Metadata-Version: 2.1
Name: flypipe
Version: 1.0.0
Summary: Flypipe
Author-email: Jose Helio de Brum Muller <josemuller.flypipe@gmail.com>, Chris Marwick <chrismarwick.flypipe@gmail.com>
Requires-Python: >=3.8
Description-Content-Type: text/markdown
Classifier: Development Status :: 3 - Alpha
Classifier: Intended Audience :: Developers
Classifier: Development Status :: 1 - Planning
Classifier: License :: OSI Approved :: Apache Software License
Classifier: Programming Language :: Python :: 3
Requires-Dist: Jinja2 >=3.1,<4
Requires-Dist: networkx >=2.8,<3
Requires-Dist: tabulate >=0.9,<1
Project-URL: Home, https://github.com/flypipe/flypipe.git

# Flypipe

Flypipe is a Python framework to simplify development, management and maintenance of transformation pipelines, which are 
commonly used in the data, feature and ML model space.

Each transformation is implemented in a small, composable function, a special decorator is then used to define it as a 
Flypipe node, which is the primary model Flypipe uses.

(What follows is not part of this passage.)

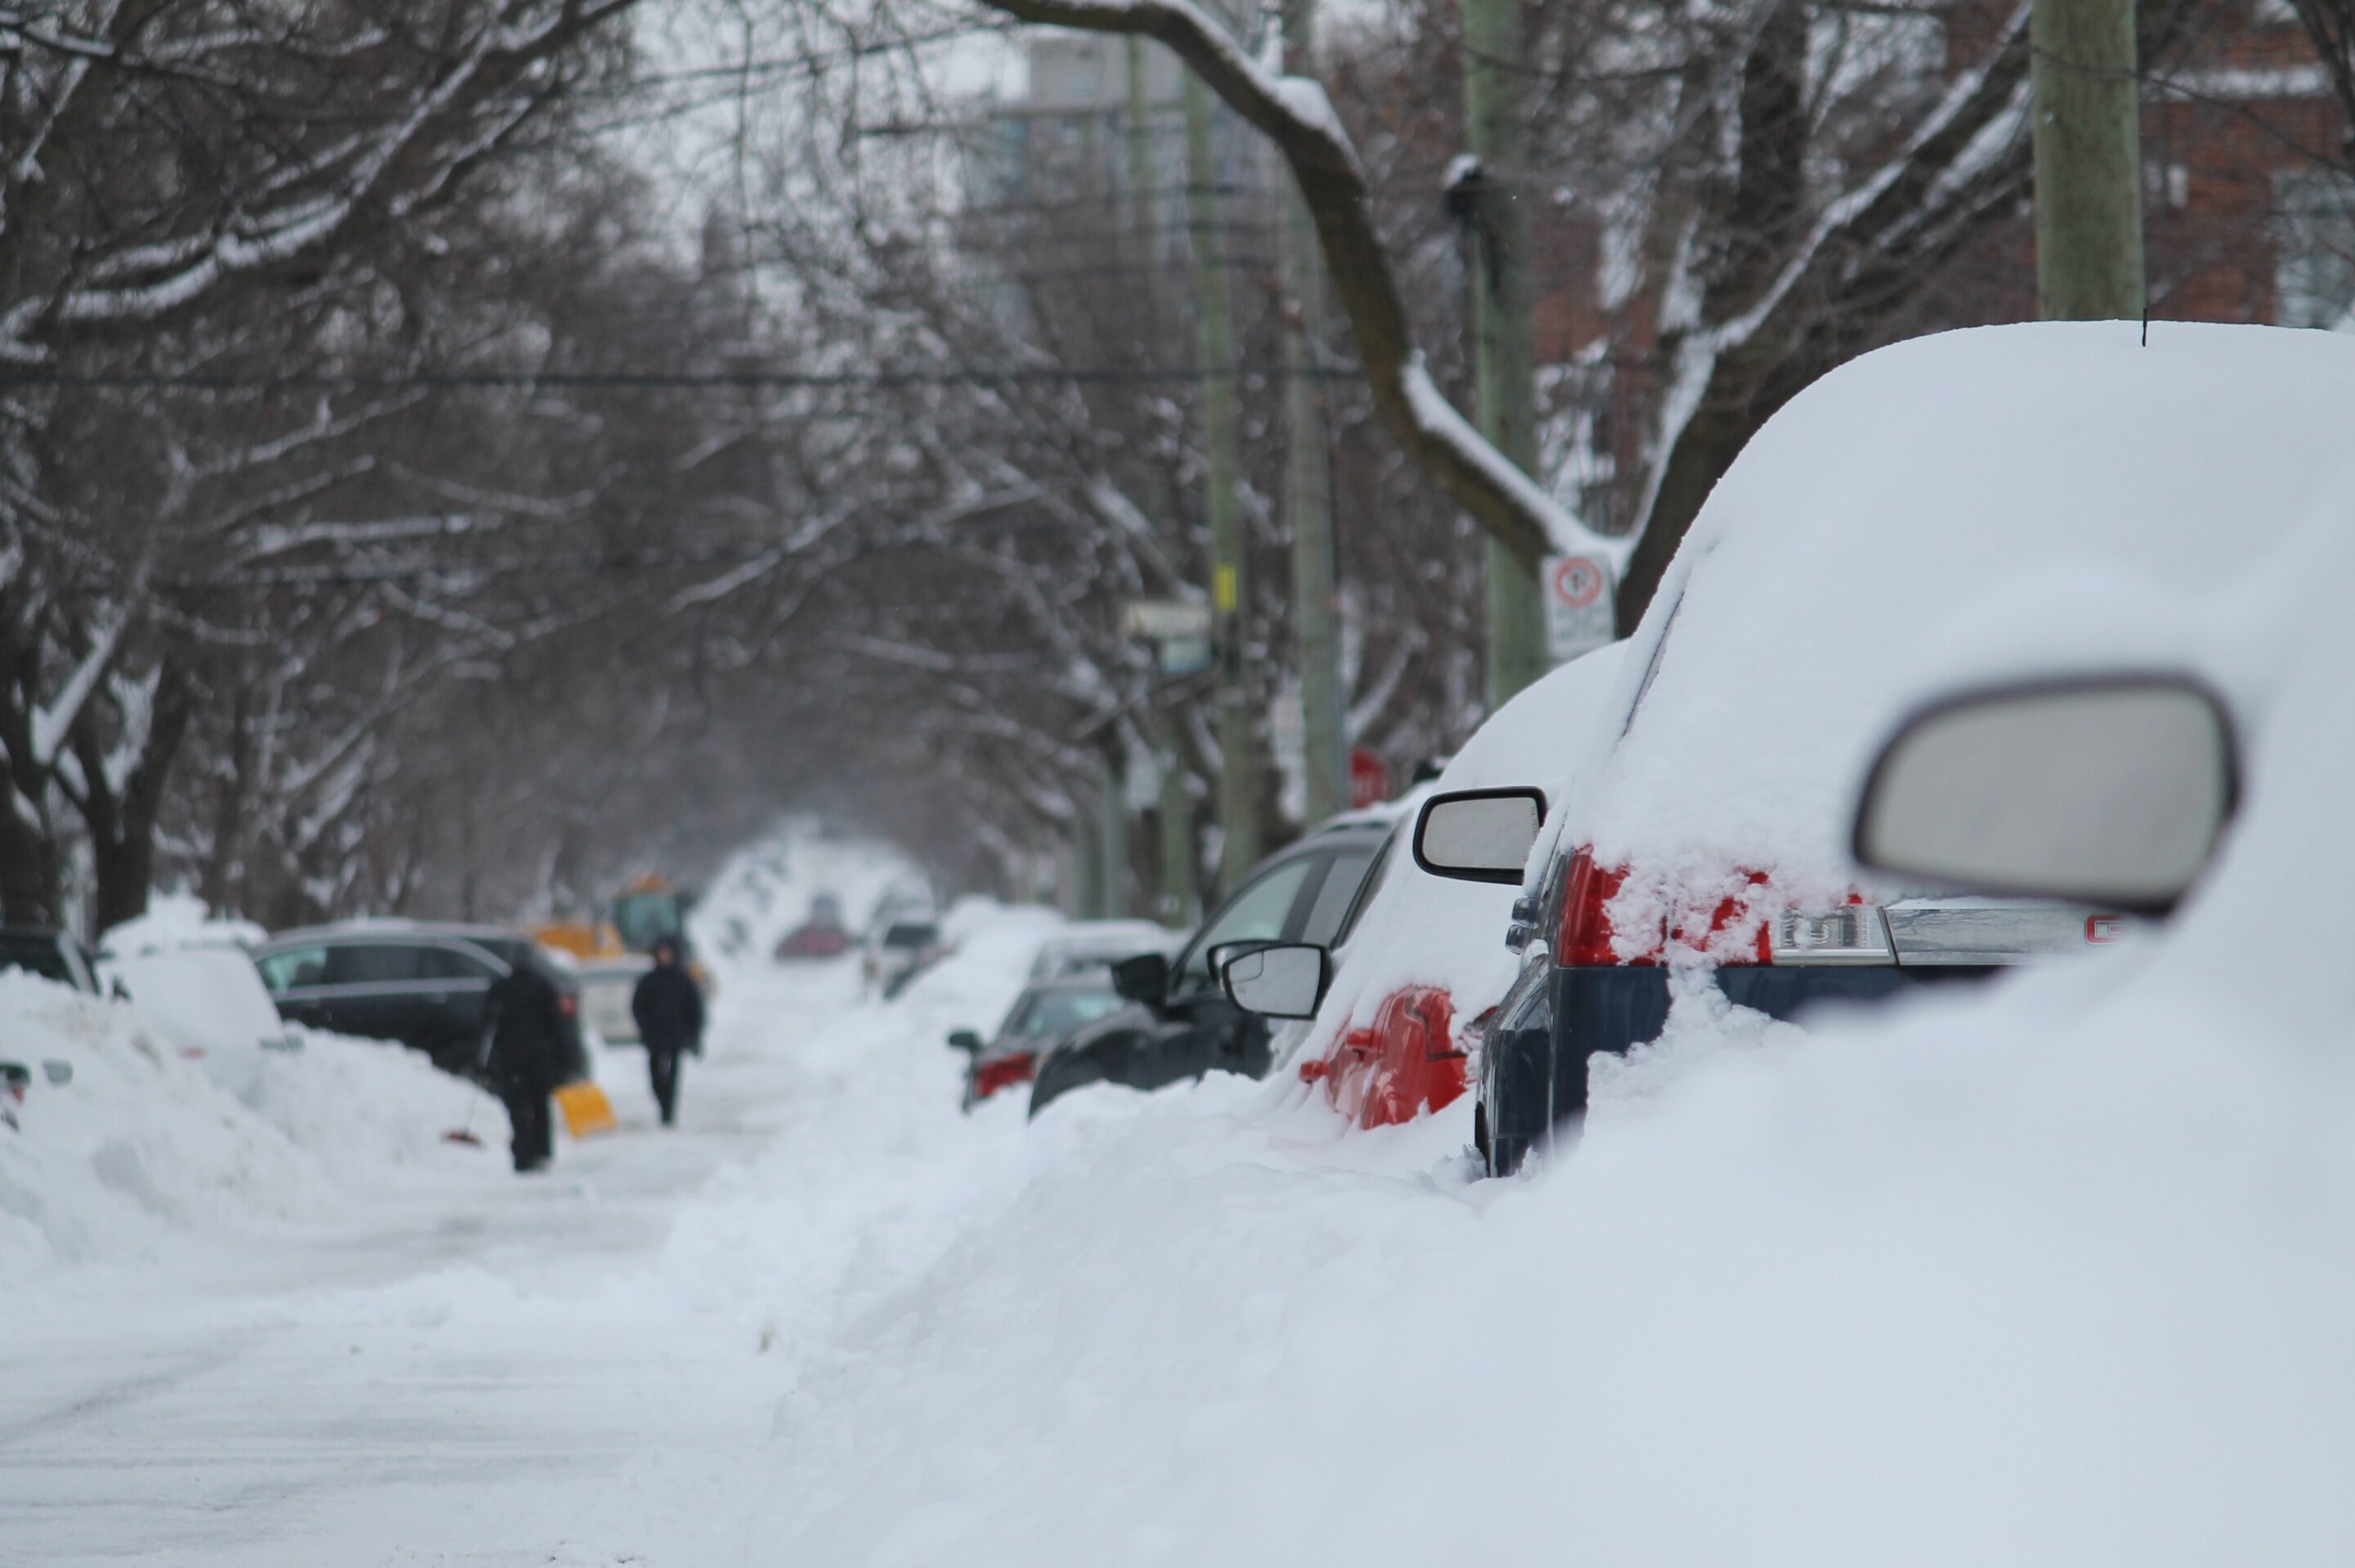 Climate change won't make winter storms and blizzards go away

Metadata on the node decorator allows for multiple nodes to be 
linked together into a Directed Acyclic Graph (DAG). 

```python
from flypipe.node import node


@node(
  type="pandas",
  dependencies=[t0.select("fruit").alias("df")]
)
def t1(df):
  categories = {'mango': 'sweet', 'lemon': 'sour'}
  df['flavour'] = df['fruit']
  df = df.replace({'flavour': categories})
  return df
```

### Flypipe Pipelines

As each node (transformation) is connected to its ancestors, we can easily view the pipeline graphically in a html page 
(`my_graph.html()`) or execute it by invoking `my_graph.run()`

![Flypipe Graph Pipeline](/docs/source/_static/images/flypipe_pipelines.svg)

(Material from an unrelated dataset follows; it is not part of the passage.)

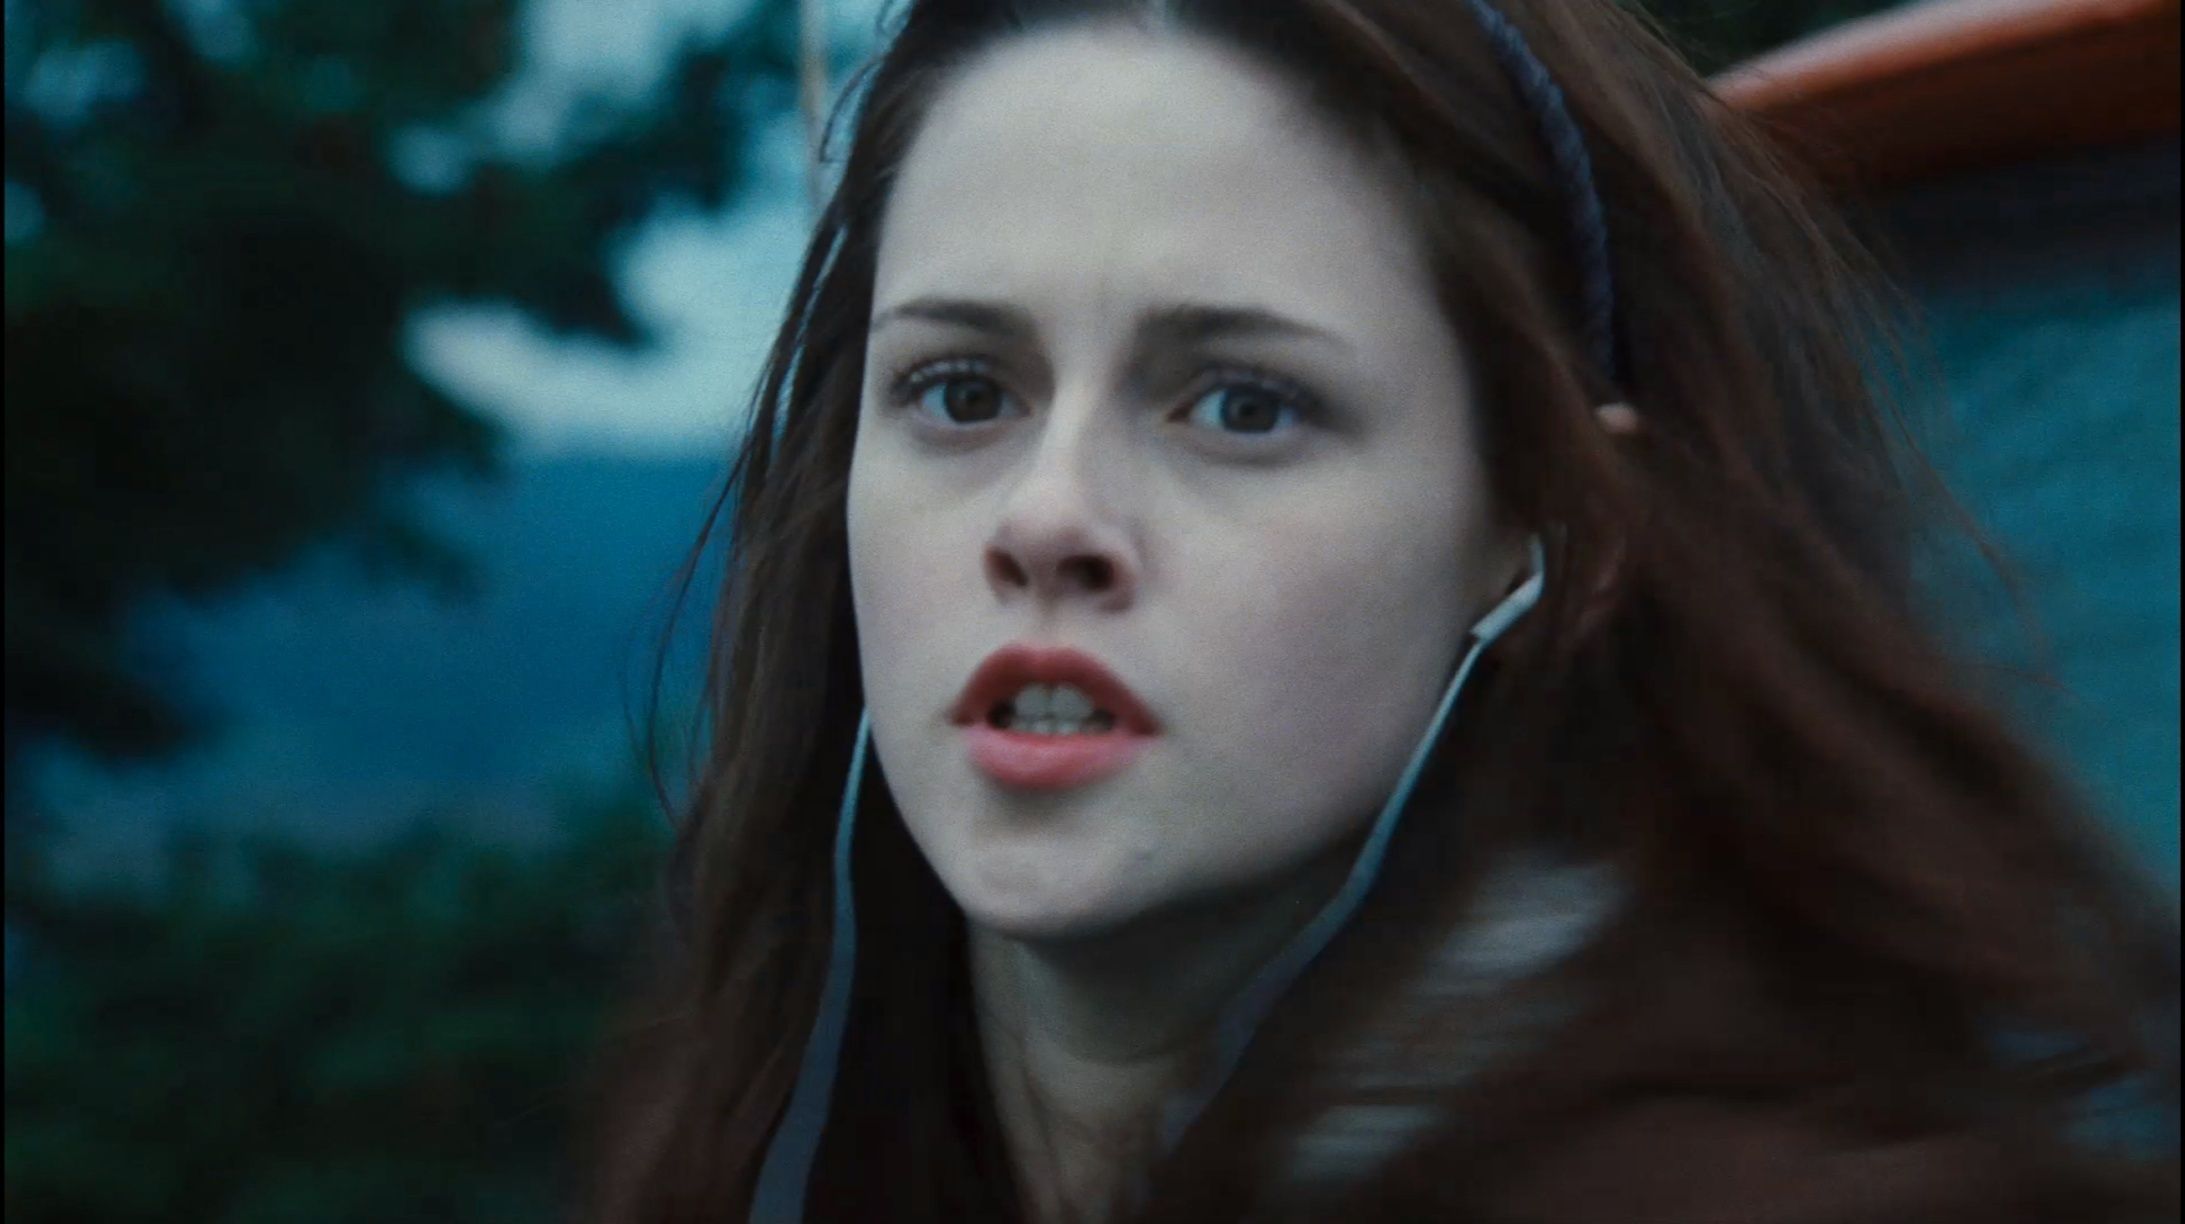 Twilight: 17 Actors Who Loved Making The Movies (And 3 Who Didn't)

## What Flypipe aims to facilitate?

- End-to-end transformation lineage
- Create development standards for Data Engineers, Machine Learning Engineers and Data Scientists
- Improve re-usability of transformations in different pipelines & contexts via composable nodes
- Faster integration and portability of pipelines to different contexts with different available technology stacks:
  - Flexibility to use and mix up pyspark/pandas on spark/pandas in transformations seamlessly
  - As a simple wheel package, it's very lightweight and unopinionated about runtime environment. This allows for it to 
  be easily integrated into Databricks and independently of Databricks. 
- Low latency for on-demand feature generation and predictions
- Framework level optimisations and dynamic transformations help to make even complex transformation pipelines low 
latency. This in turn allows for on-demand feature generation/predictions.